Set down, exactly and with no pictures, the line that contains "Plesk Key Administrator For WHMCS: Screen 1" and all lines after it in the listing.

Supplied data
____________
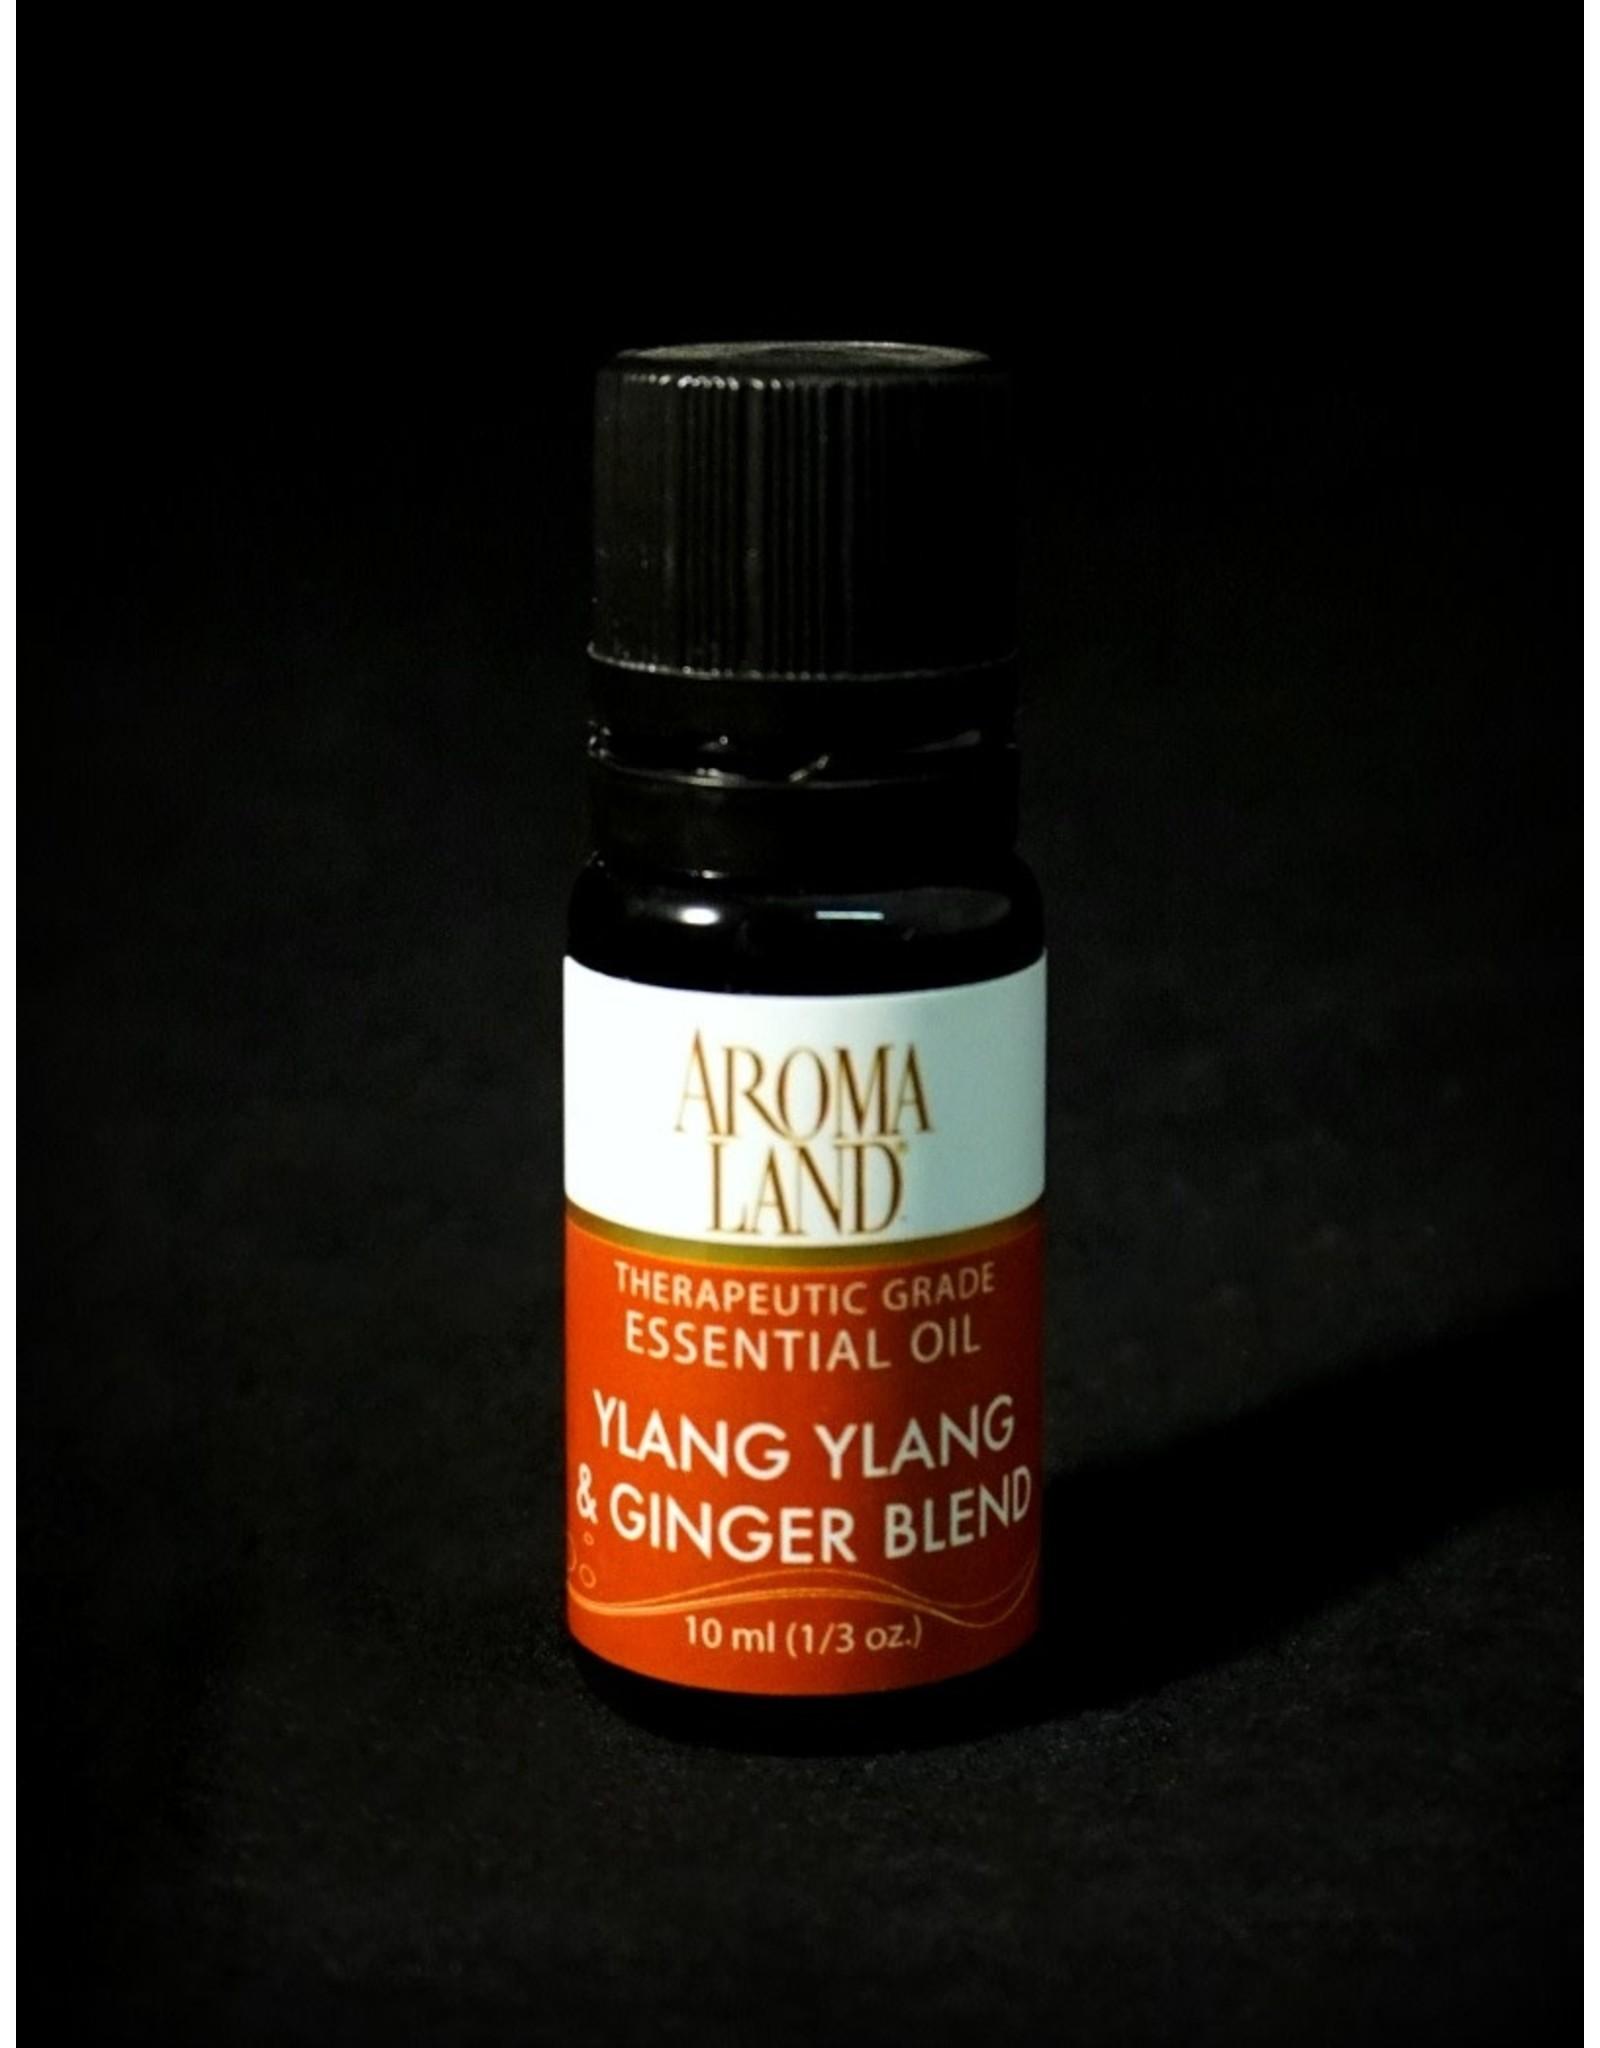 Aromaland Essential Oil - Ylang Ylang
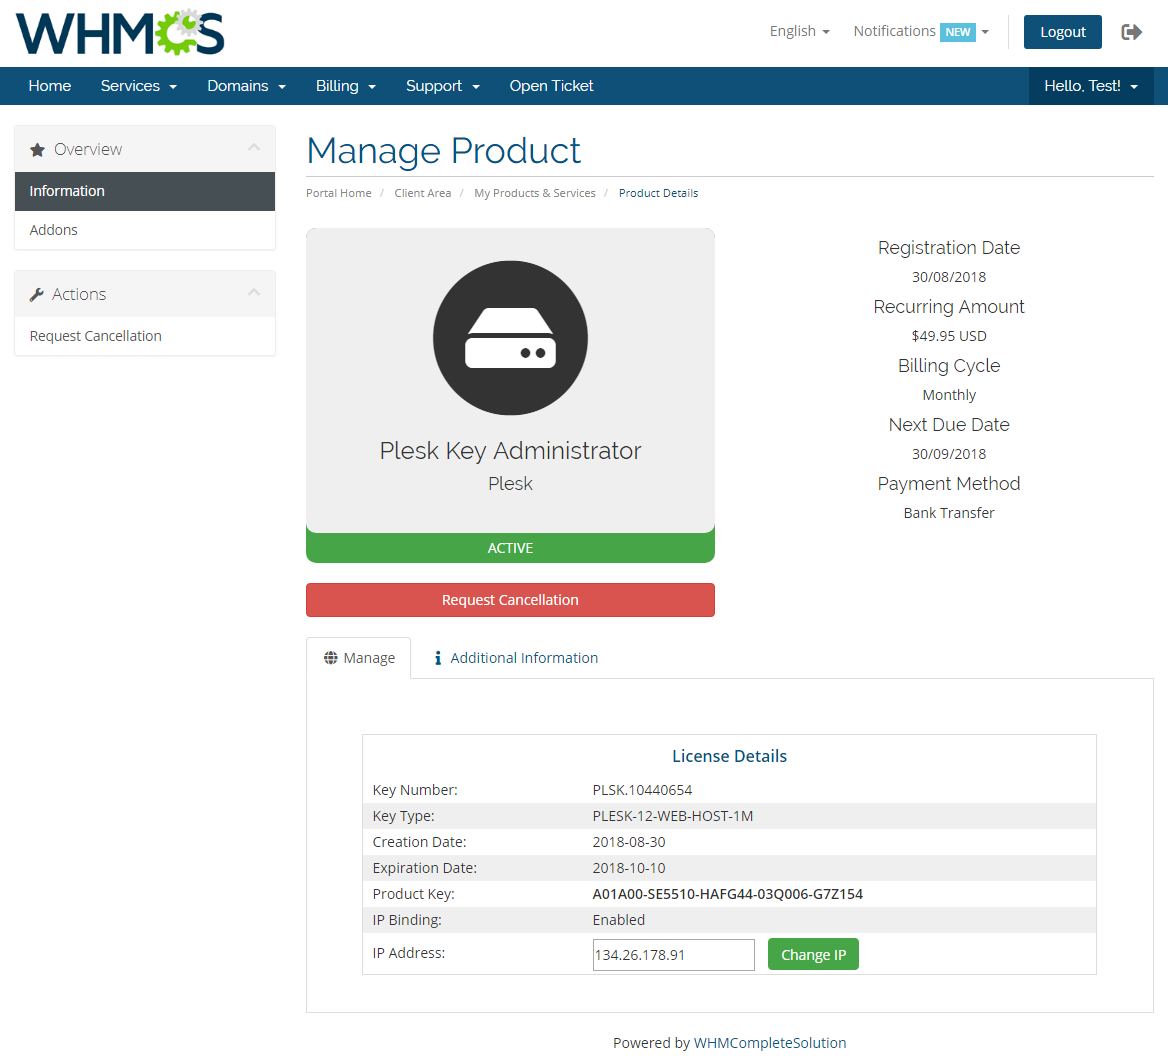 Plesk Key Administrator For WHMCS: Screen 1
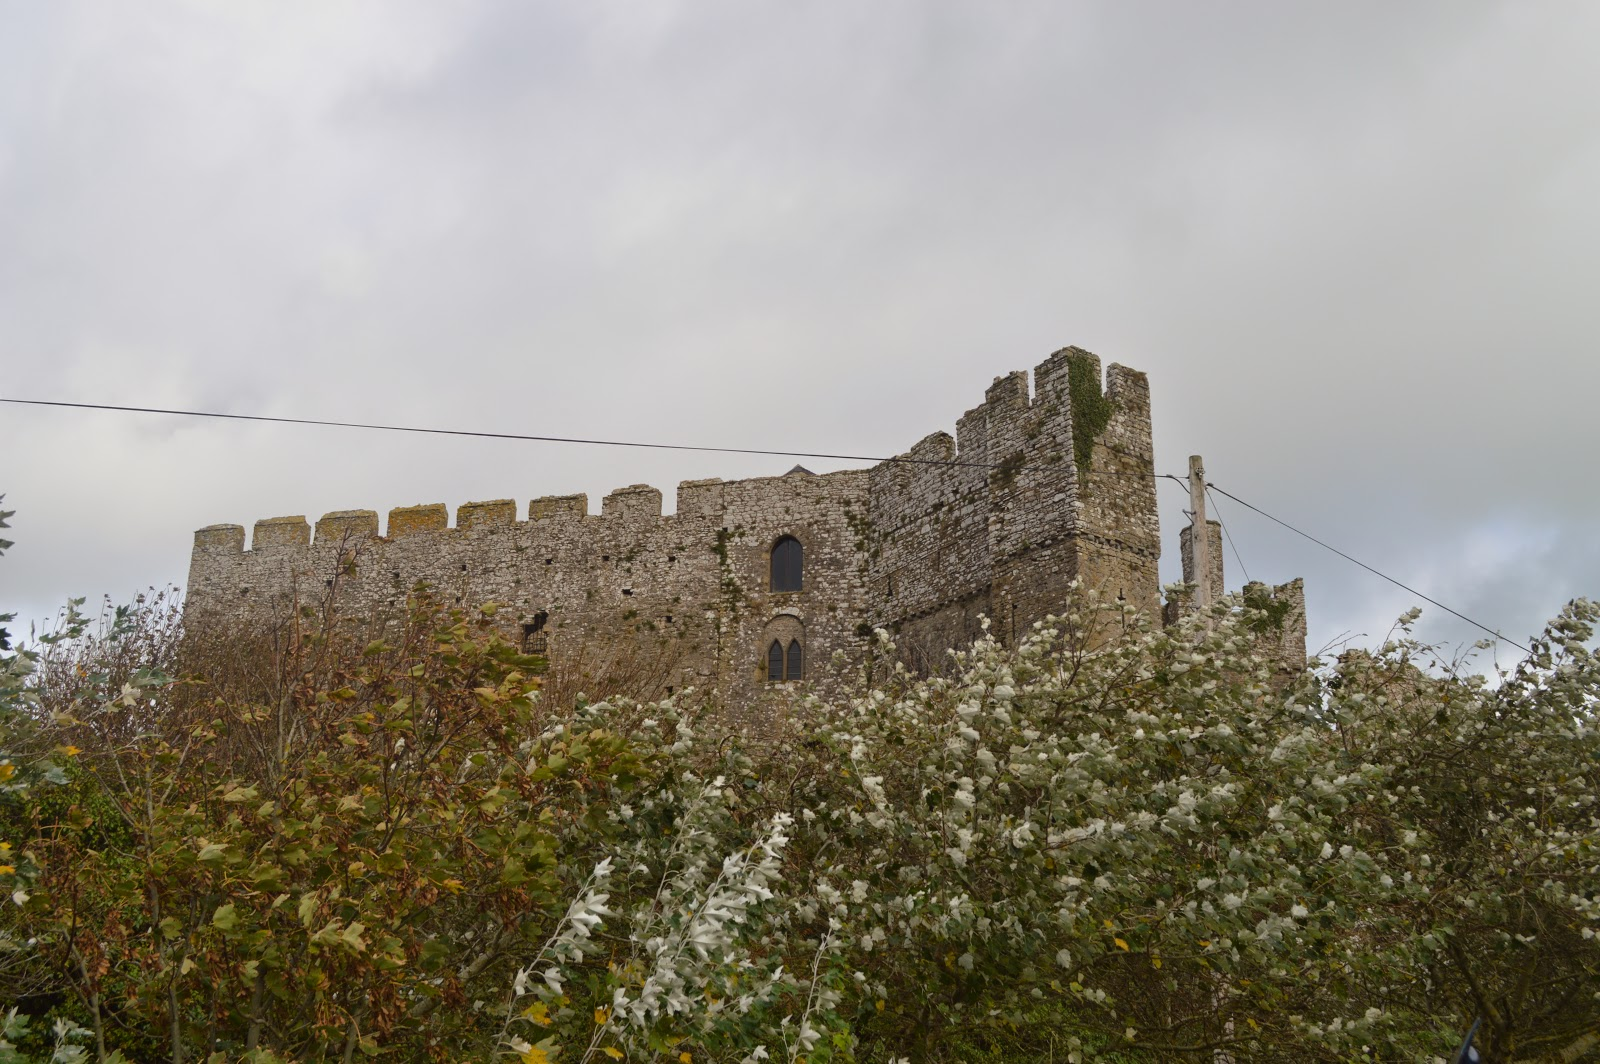 Manorbier Castle, Pembrokeshire, Wales
____________
Written solution
 Plesk Key Administrator For WHMCS: Screen 1
 Manorbier Castle, Pembrokeshire, Wales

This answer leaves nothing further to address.